社内およびバリューチェーンにおける労働安全は、私たちの最優先事項です。ゼロ災害という長期目標にも引き続き注力し、2025年末までに、労働安全環境を2010年比で60%向上することを目指しています。

この目標を達成するため、社員の意識向上に向けた講習に投資するとともに、技術面での安全基準を高めています。私たちは、安全性、健康、環境に関する基準が確実に遵守されているかどうかを定期的に見直しています。また、委託業者での労働環境や当社拠点で勤務する他社の社員も対象として、労働安全衛生の改善に取り組んでいます。
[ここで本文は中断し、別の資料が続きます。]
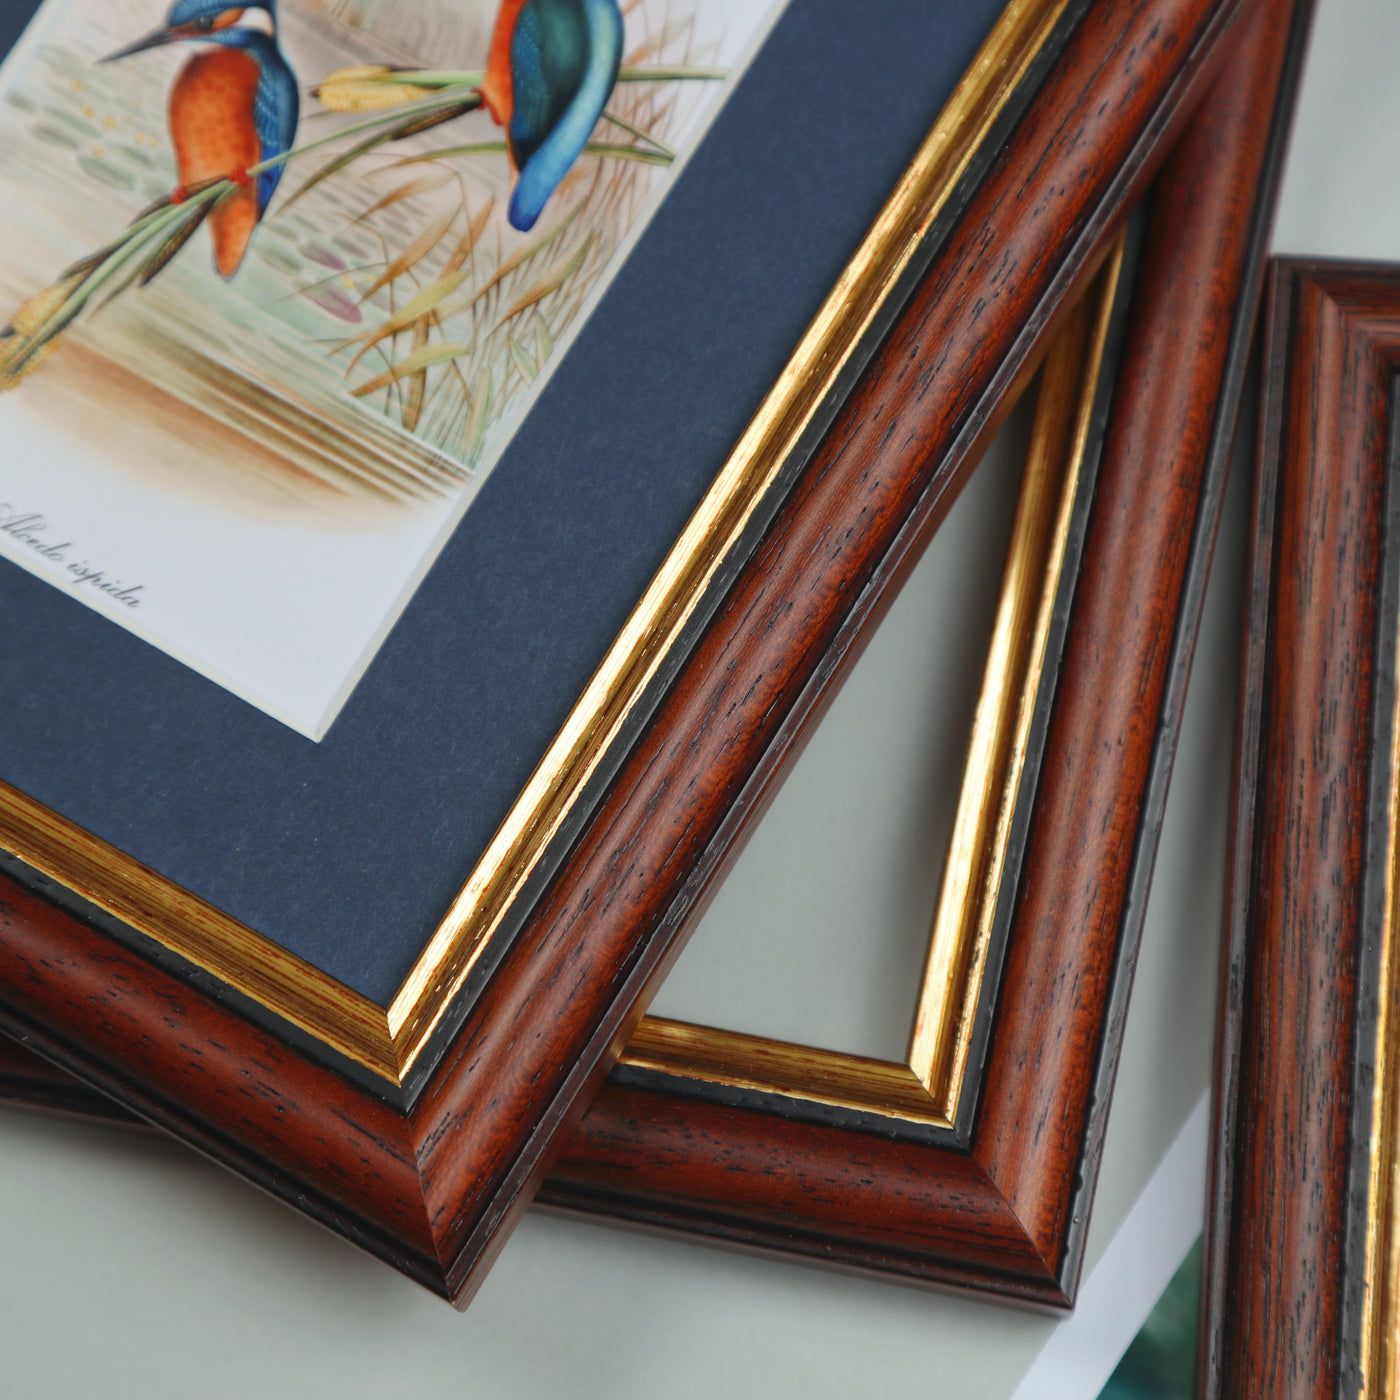 6x4 Brown & Gold Picture Frame with a 3.5x2.5 Mount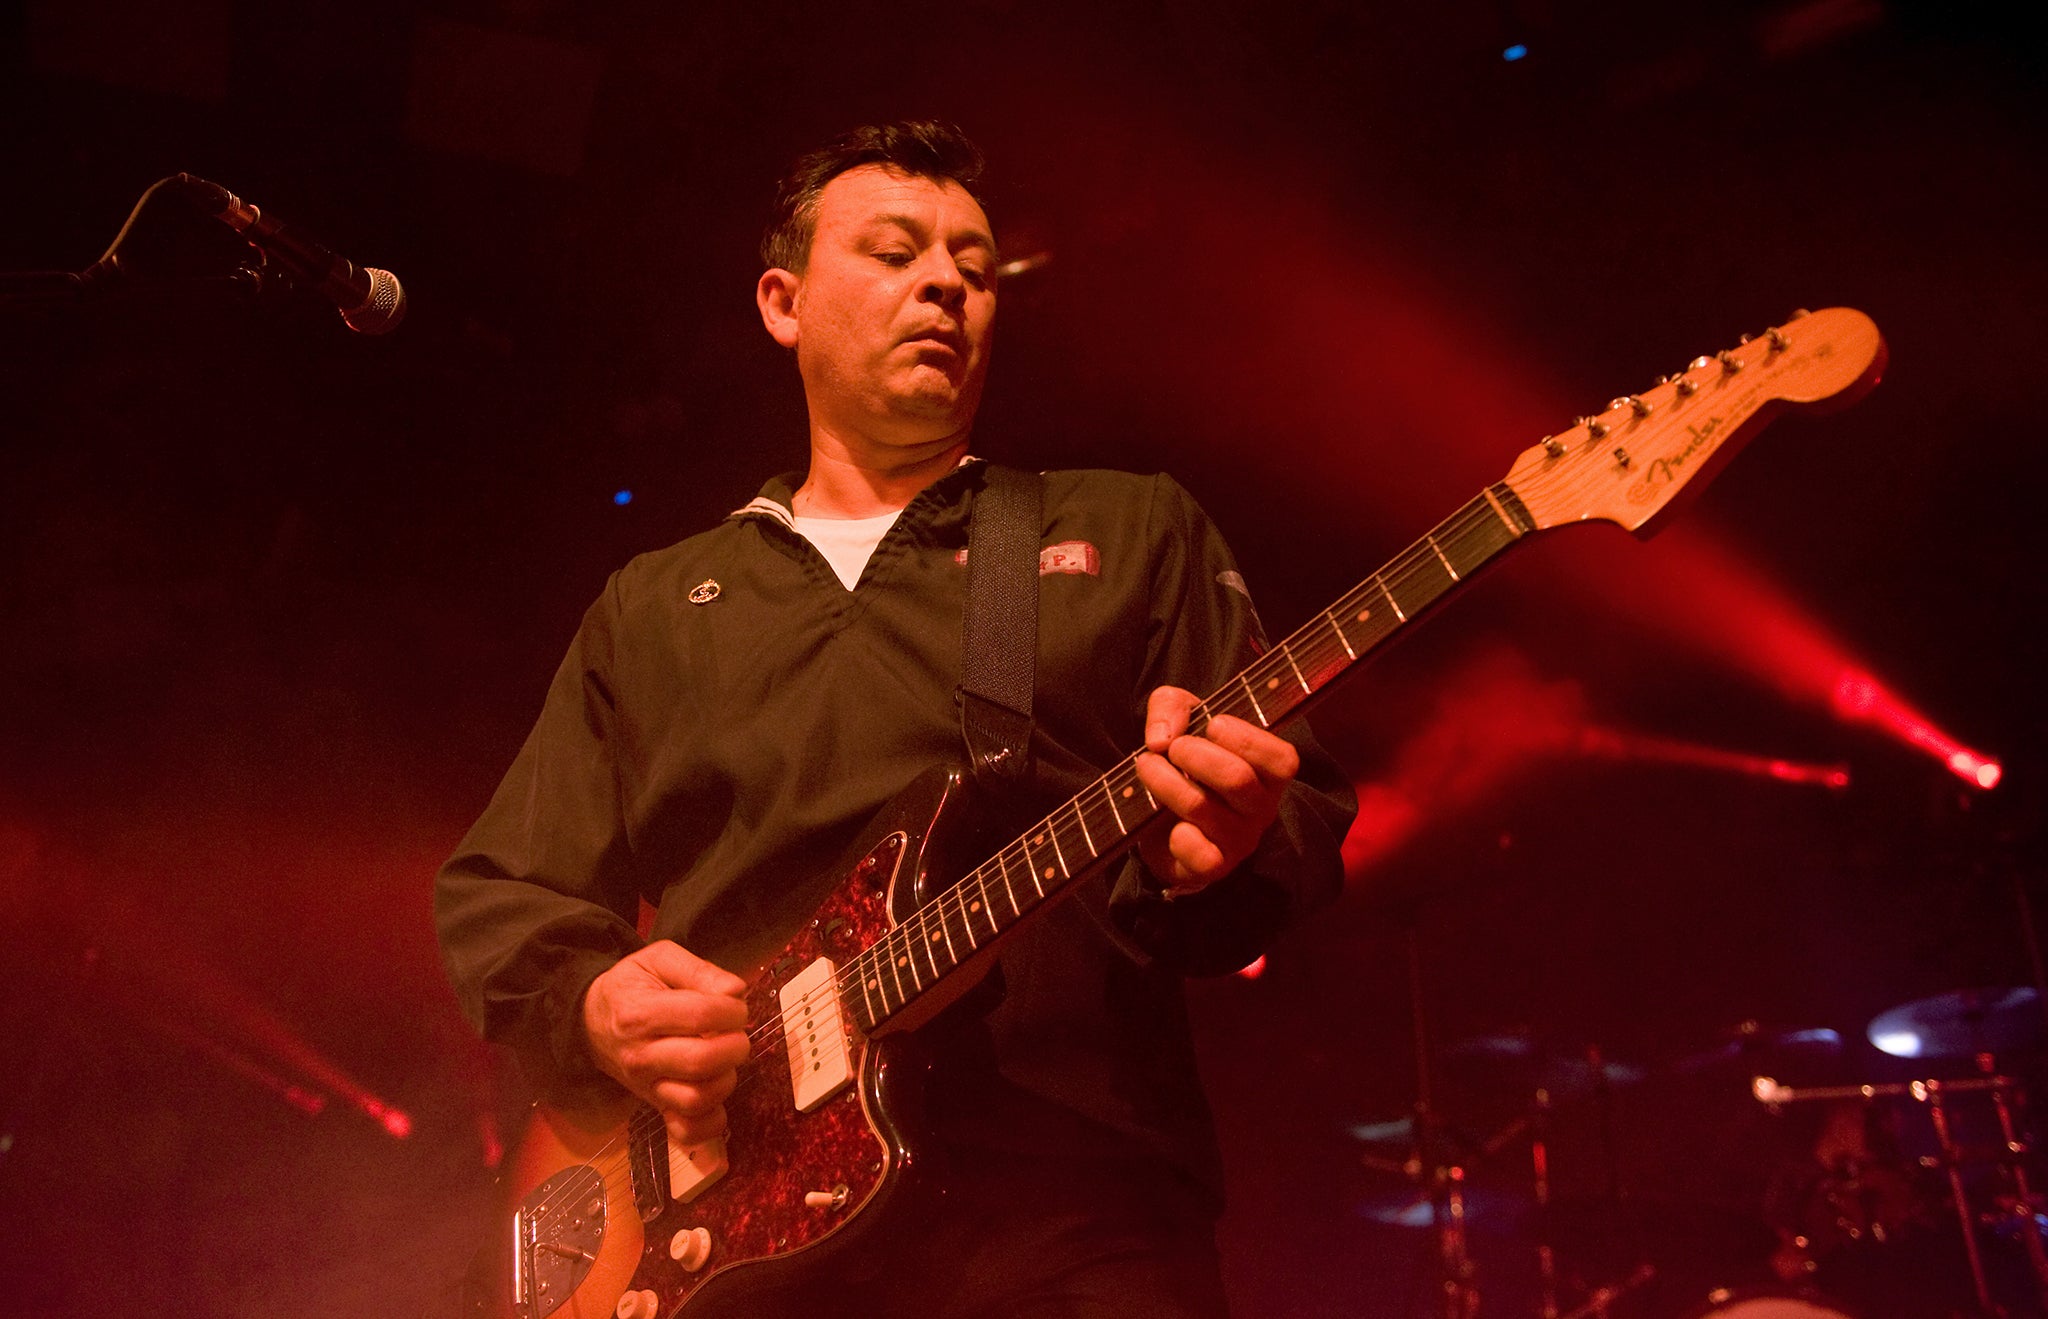 James Dean Bradfield of the Manic Street Preachers performs on stage at Barrowlands Ballroom

すべての拠点で定期的に講習を実施し、社員が災害リスクを特定し回避できるようにしています。一部の地域で既に実施されているプログラムを拡張し、全社への適用も進めています。また、安全性に関する最重要課題について社員同士の意識をさらに高めるため、グローバルな安全衛生キャンペーンも実施しています。

働き方の未来像

ヘンケルは、出社の有無ではなく成果によってパフォーマンスを測定しており、長年にわたり柔軟な働き方を推進してきました。信頼の文化をベースとしているからこそ、パートタイム勤務、フレックス労働時間、新たな職場の概念やリモート勤務が浸透しています。私たちは、社員が働きやすい未来志向の職場づくりを目指しています。 

スマートワークは、社員と企業が未来の働き方に備えるための総合的アプローチです。スマートワークとは、リモート勤務またはオフィス勤務といった働き方の枠組みに留まらず、社員同士のコラボレーション(協働)や創造性をより高められる職場づくり、社員の健康促進プログラムの改善、デジタル化の可能性を探る方法といったさまざまな要素が含まれています。